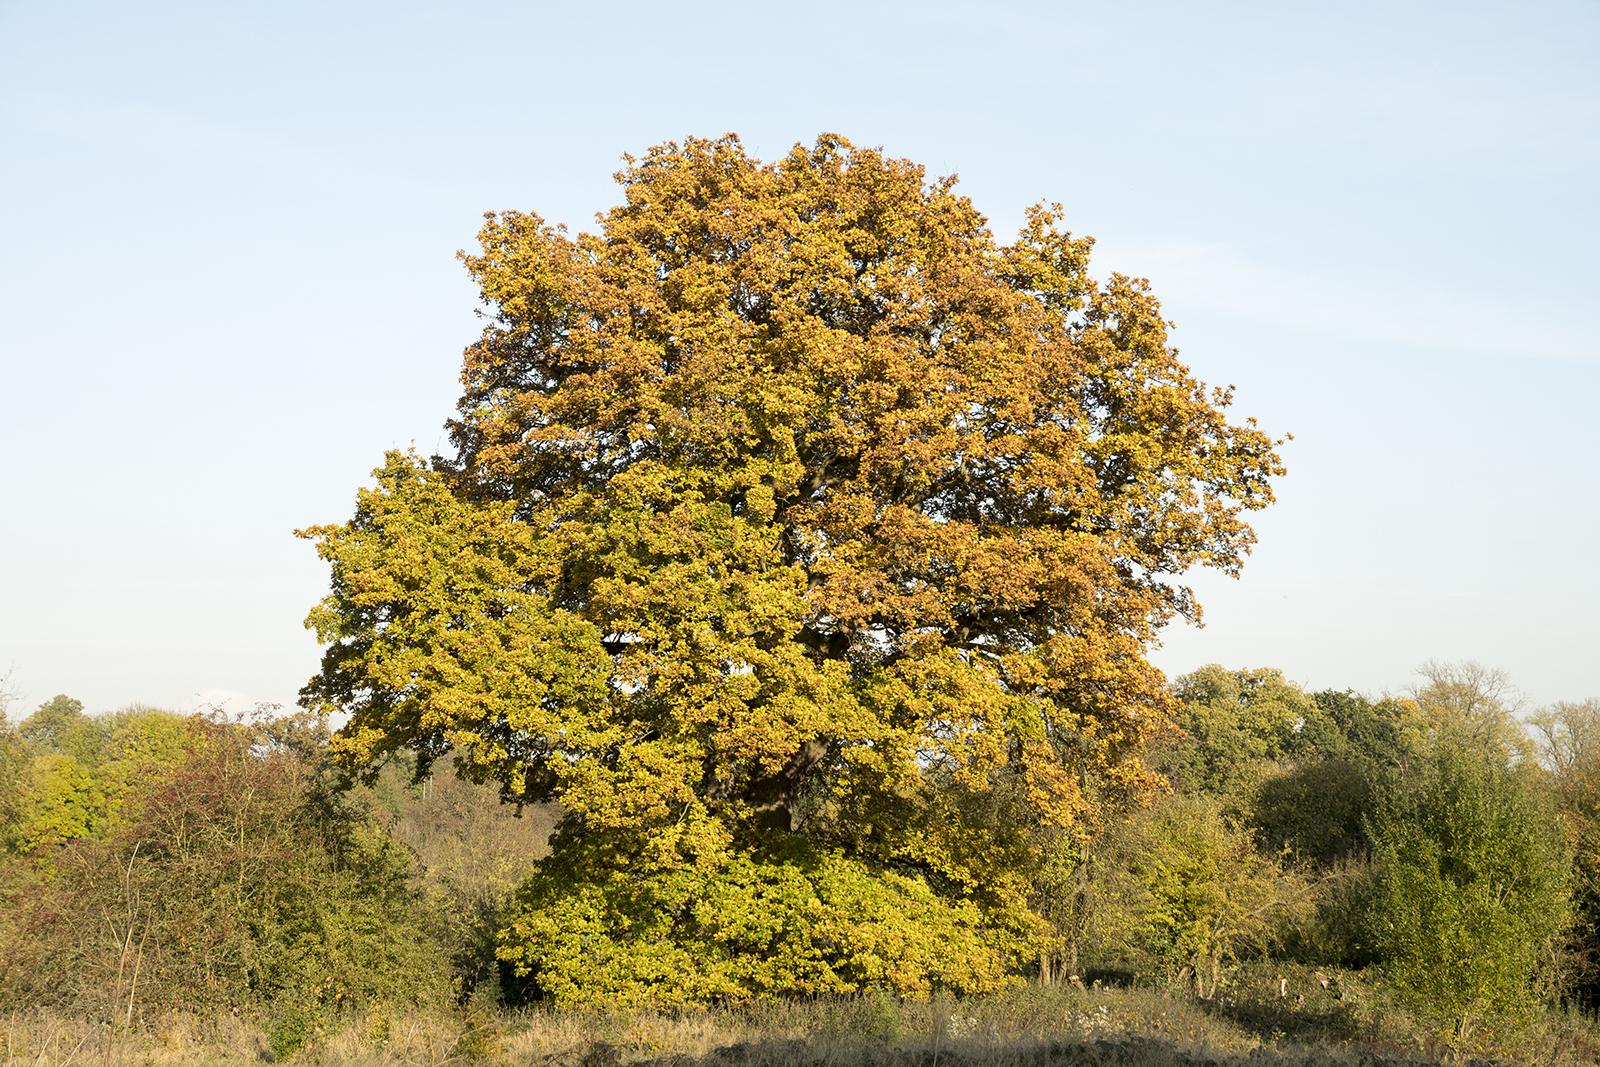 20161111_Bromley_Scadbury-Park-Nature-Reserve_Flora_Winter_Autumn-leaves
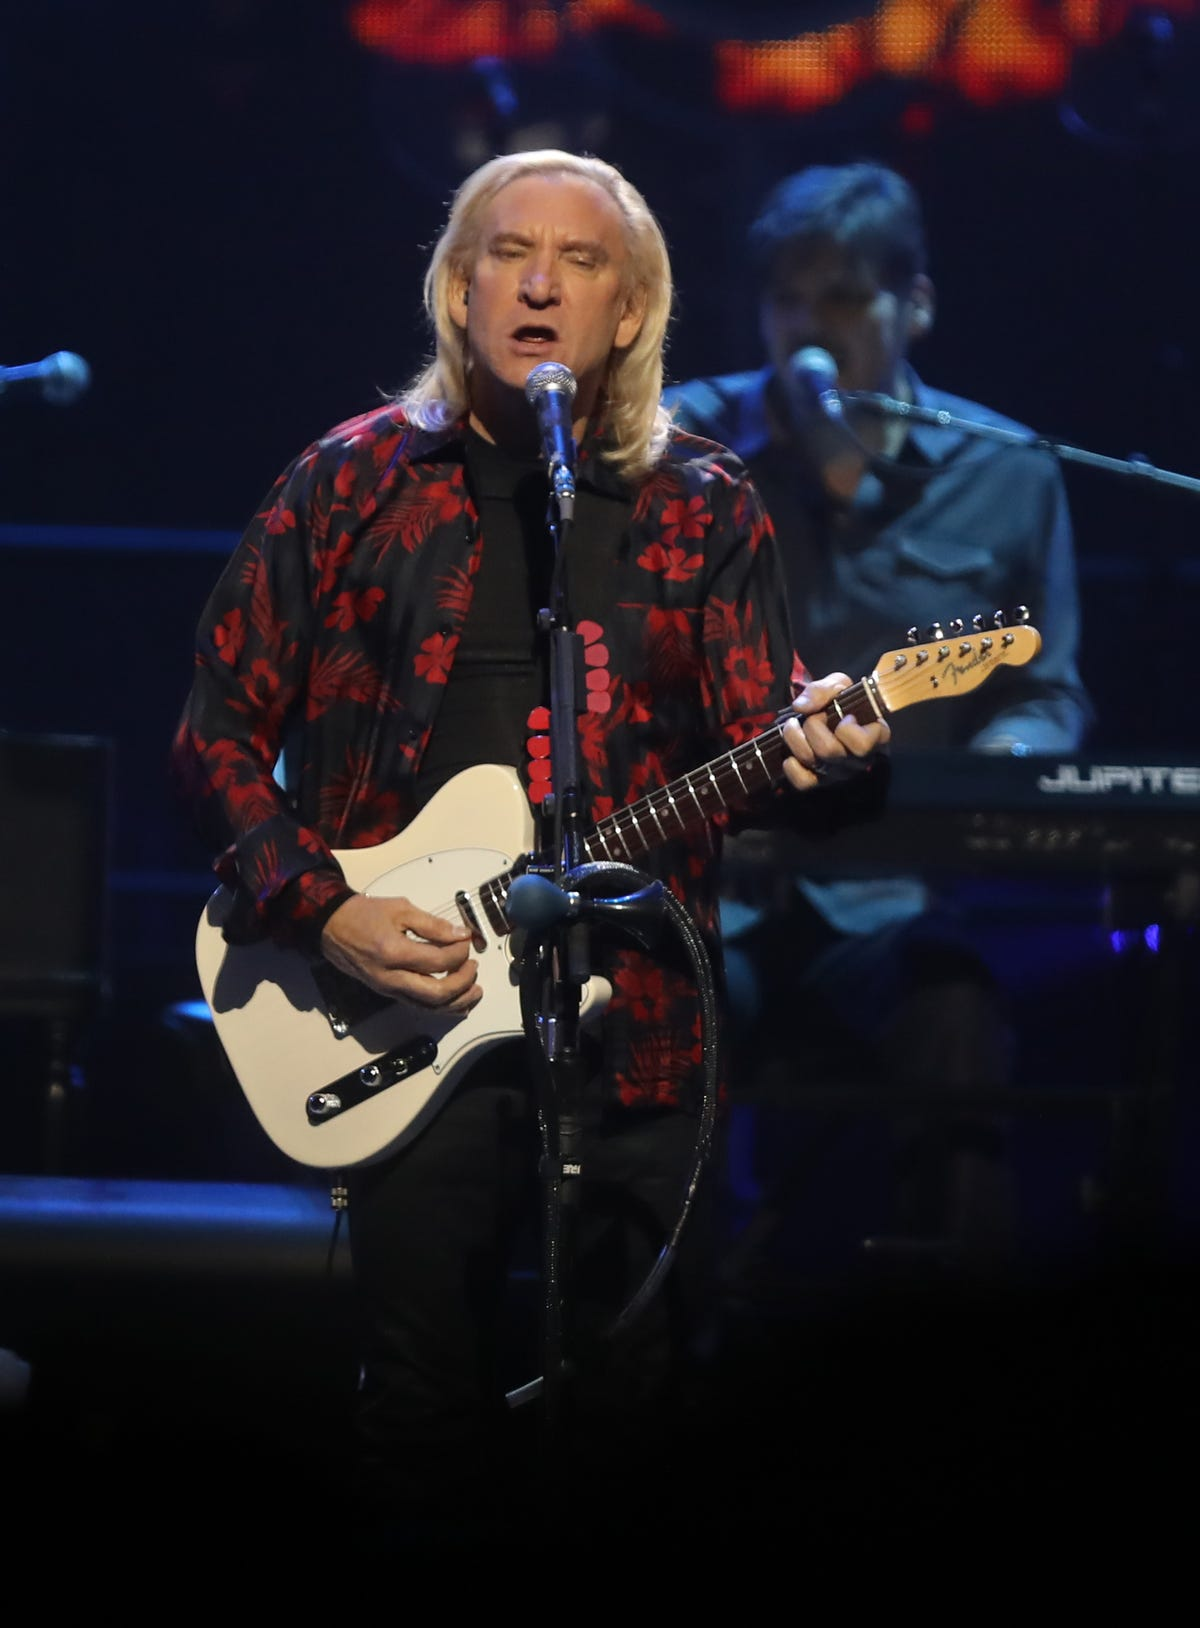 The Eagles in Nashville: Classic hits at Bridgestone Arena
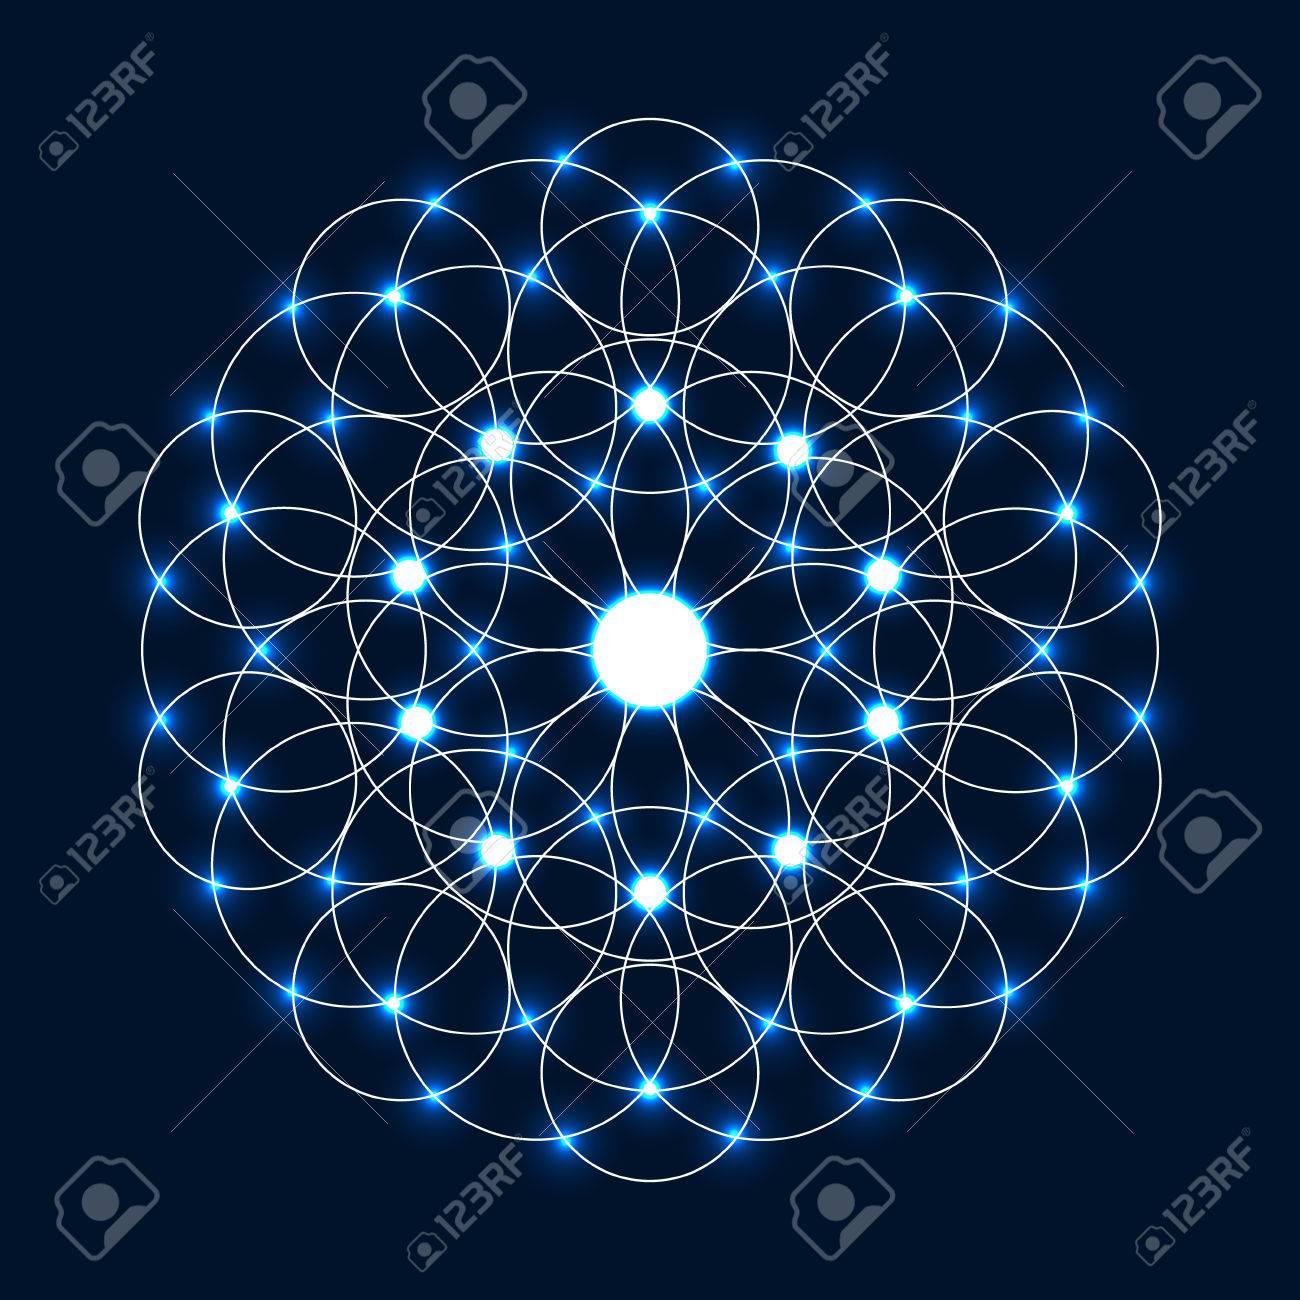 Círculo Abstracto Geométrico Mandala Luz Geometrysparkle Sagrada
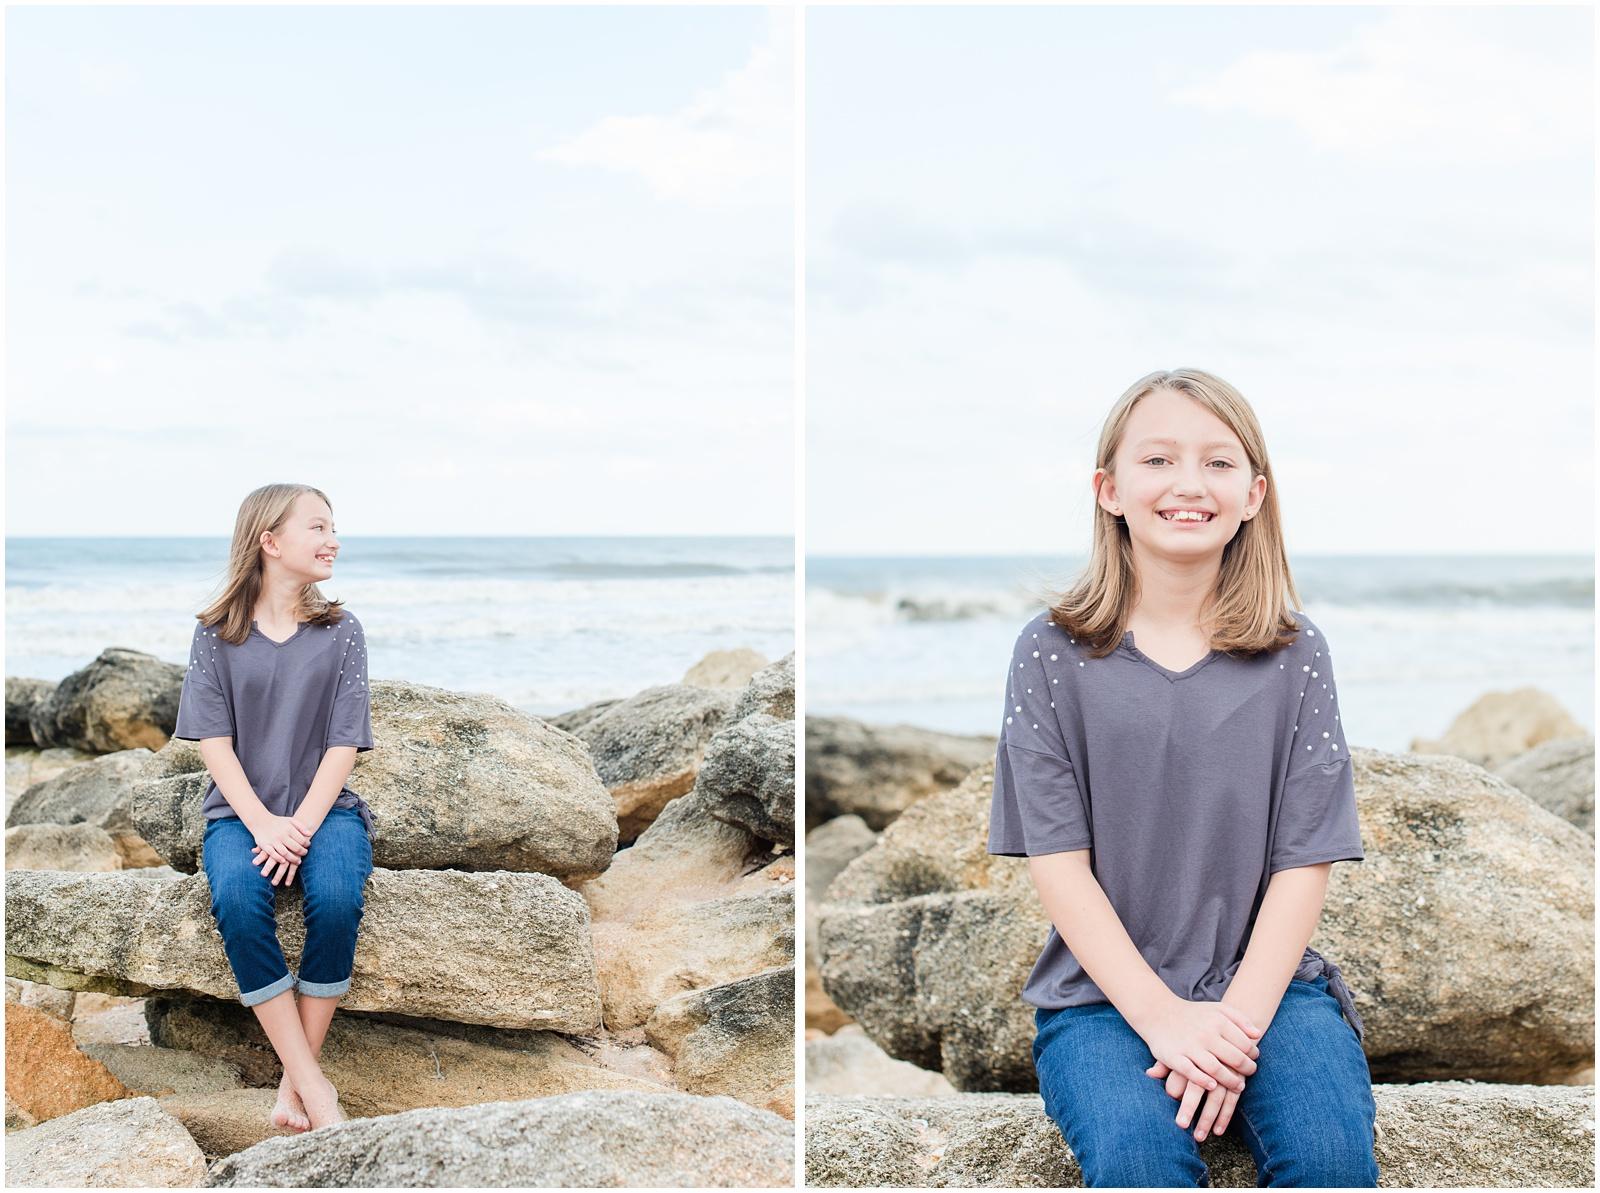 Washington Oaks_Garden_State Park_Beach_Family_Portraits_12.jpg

- **AIM OF THE TASK**:
For this task, give the full listing again verbatim and keep out every picture.

- **SOLUTION TO THE EXERCISE**:
 20161111_Bromley_Scadbury-Park-Nature-Reserve_Flora_Winter_Autumn-leaves
 The Eagles in Nashville: Classic hits at Bridgestone Arena
 Círculo Abstracto Geométrico Mandala Luz Geometrysparkle Sagrada
 Washington Oaks_Garden_State Park_Beach_Family_Portraits_12.jpg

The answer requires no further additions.